Annual Financial Compliance Checklist in Malaysia in 2024

Navigating the regulatory landscape of Malaysia requires a thorough understanding of compliance requirements. This guide provides an overview of the essential steps and documentation required for businesses operating within Malaysian jurisdiction, ensuring legal obligations are met efficiently. 

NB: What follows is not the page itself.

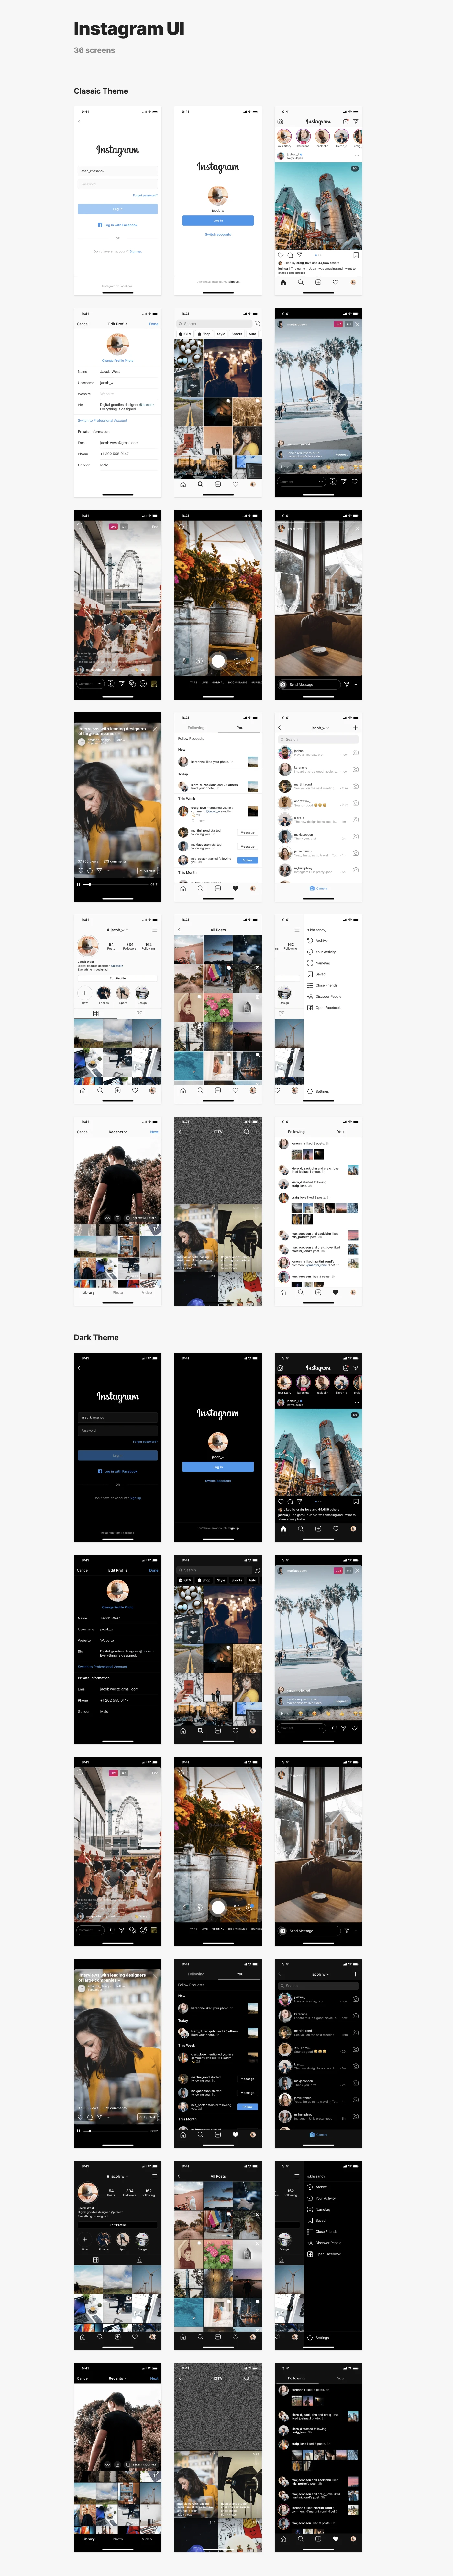 Mobile Apps Library for Sketch & Figma - 120+ reconstructed screens of popular mobile apps: Instagram, Telegram, Messenger, WhatsApp. Compatible with Sketch App & Figma.

Understanding the Legal Requirements 

The Malaysian government, through the Companies Commission of Malaysia (SSM), mandates stringent compliance protocols to ensure that businesses operate transparently and are accountable. Compliance is not just a legal requirement but a crucial element of corporate governance. 

The 2016 Companies Act and Compliance Mandates 

The 2016 Companies Act is the cornerstone of corporate regulation in Malaysia. It stipulates that both domestic and foreign businesses, including limited liability partnerships and private limited companies, must adhere to several statutory requirements. These businesses must maintain accurate records, file annual reports, and submit various regulatory documents to stay compliant. 

Navigating Your Compliance Obligations 

To remain in good standing, businesses must understand and manage their compliance obligations meticulously. This involves regular submissions and adherence to a set of ongoing legal mandates. 

Registration and Statutory Obligations 

Upon registration, businesses are required to register with the Inland Revenue Board of Malaysia for tax purposes and the Social Security Organization (SOCSO) for social security contributions. Additionally, the appointment of an auditor is necessary for financial oversight, and businesses must establish a financial year-end. 

Essential Compliance Documents 

Key documents that must be prepared and filed annually include: 

  • Annual Financial Statements: These detailed reports provide insights into the financial health of the business. 
  • Annual Returns (AR): A summary of essential company information updated yearly for the Companies Commission. 
  • Annual Tax Returns: Filed with the Inland Revenue Board, these returns are crucial for tax assessment. 
  • Annual General Meeting (AGM): Legally required to be held once a year, the AGM allows shareholders to discuss the company’s affairs. 

Practical Guide to Annual Compliance in Malaysia 

For many businesses, keeping up with compliance needs can be daunting. To assist, here is a practical, step-by-step guide designed to simplify this process. 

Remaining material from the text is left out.